Il rischio più evidente che emerge da questi dati è legato alla preoccupazione che il primato della comunicazione social si trasformi in un futuro monopolio. Se le giovani generazioni continueranno a cercare quello di cui hanno bisogno esclusivamente all’interno di questi walled garden, finiranno per impoverire anche il loro vissuto digitale, rischiando un possibile “effetto bolla” che, rafforzando idee e preconcetti, finirà per privarli di un arricchente confronto con prospettive alternative e con persone dalle convinzioni e dalle esperienze differenti.

Dentro una realtà complessa e in movimento, le ragazze emergono come punta di diamante del cambiamento.
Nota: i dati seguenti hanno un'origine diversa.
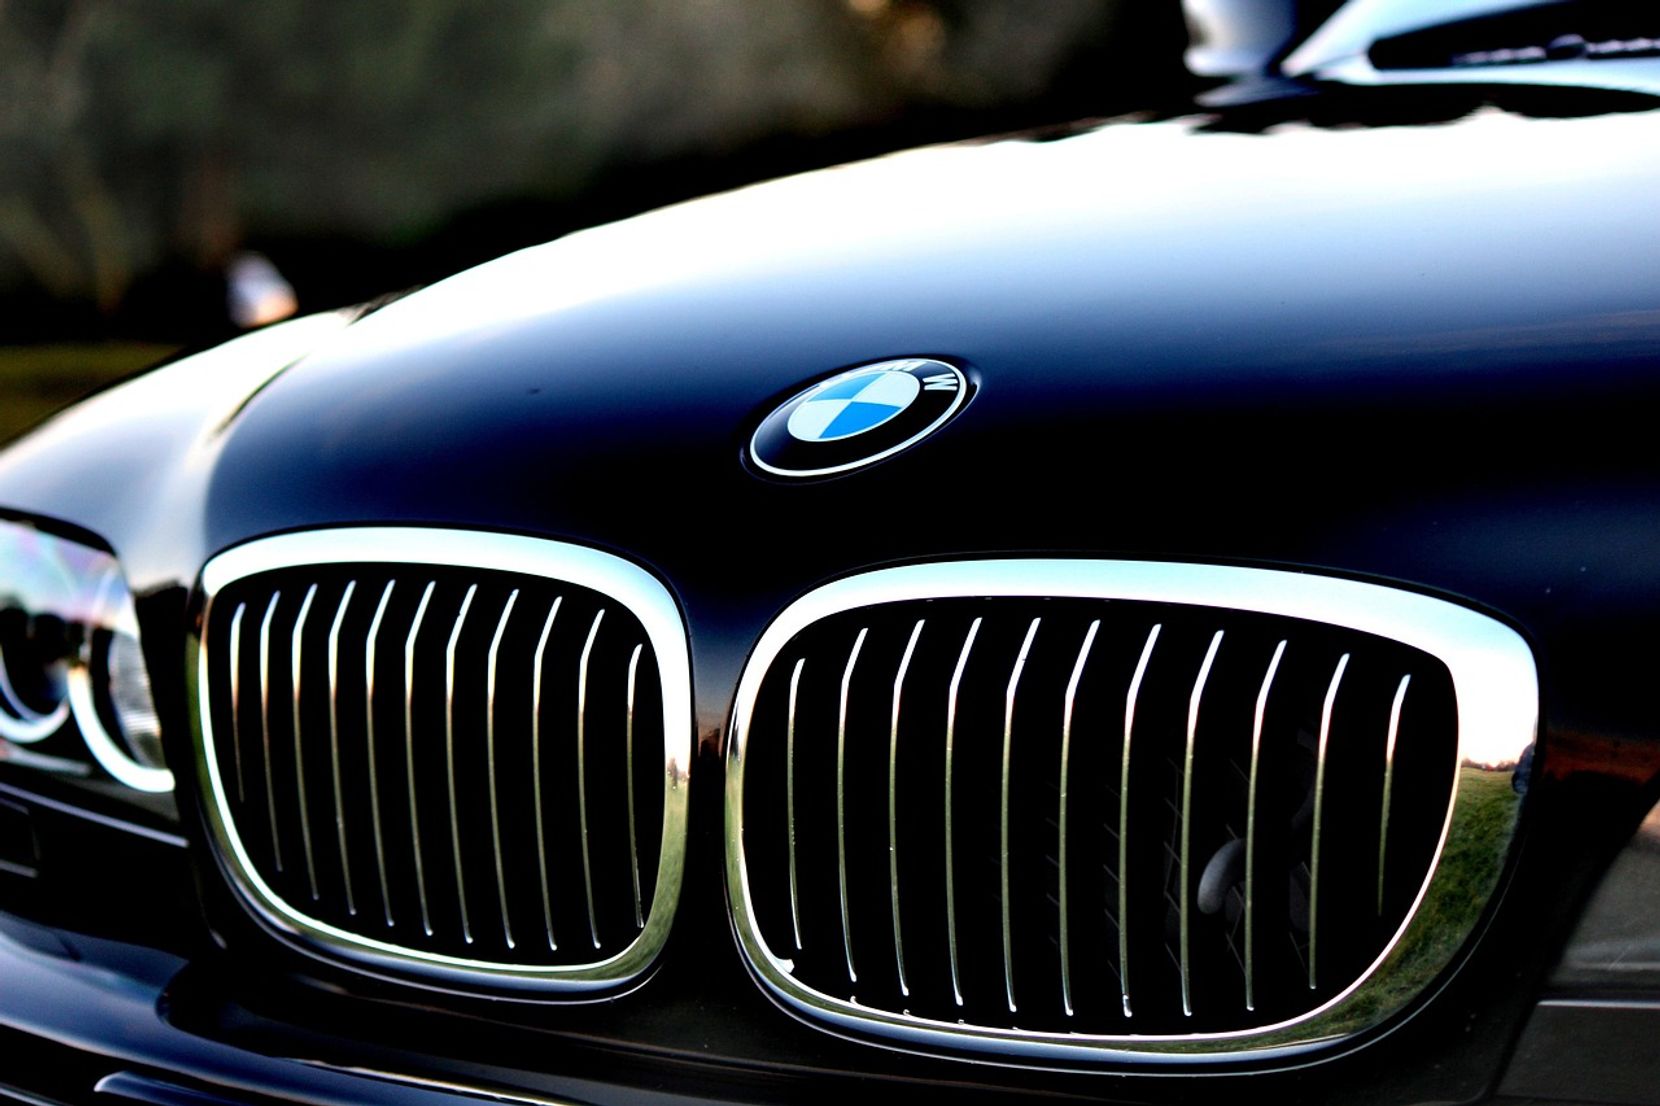 Frontansicht eindes BMW-Autos

A fronte di un contesto educativo ancora fortemente condizionato da disparità, che legittima richieste decisamente differenziate per genere, le ragazze mostrano forza, fiducia in se stesse e maggiore senso civico; sono più attente al sociale e alle necessità di chi sta loro intorno; mostrano un atteggiamento più attento e responsabile: fumano e bevono meno, fanno meno ricorso all’uso di sostanze; esprimono grande considerazione nei confronti di valori quali libertà e democrazia; leggono di più, si impegnano più dei loro coetanei maschi nella costruzione del proprio futuro.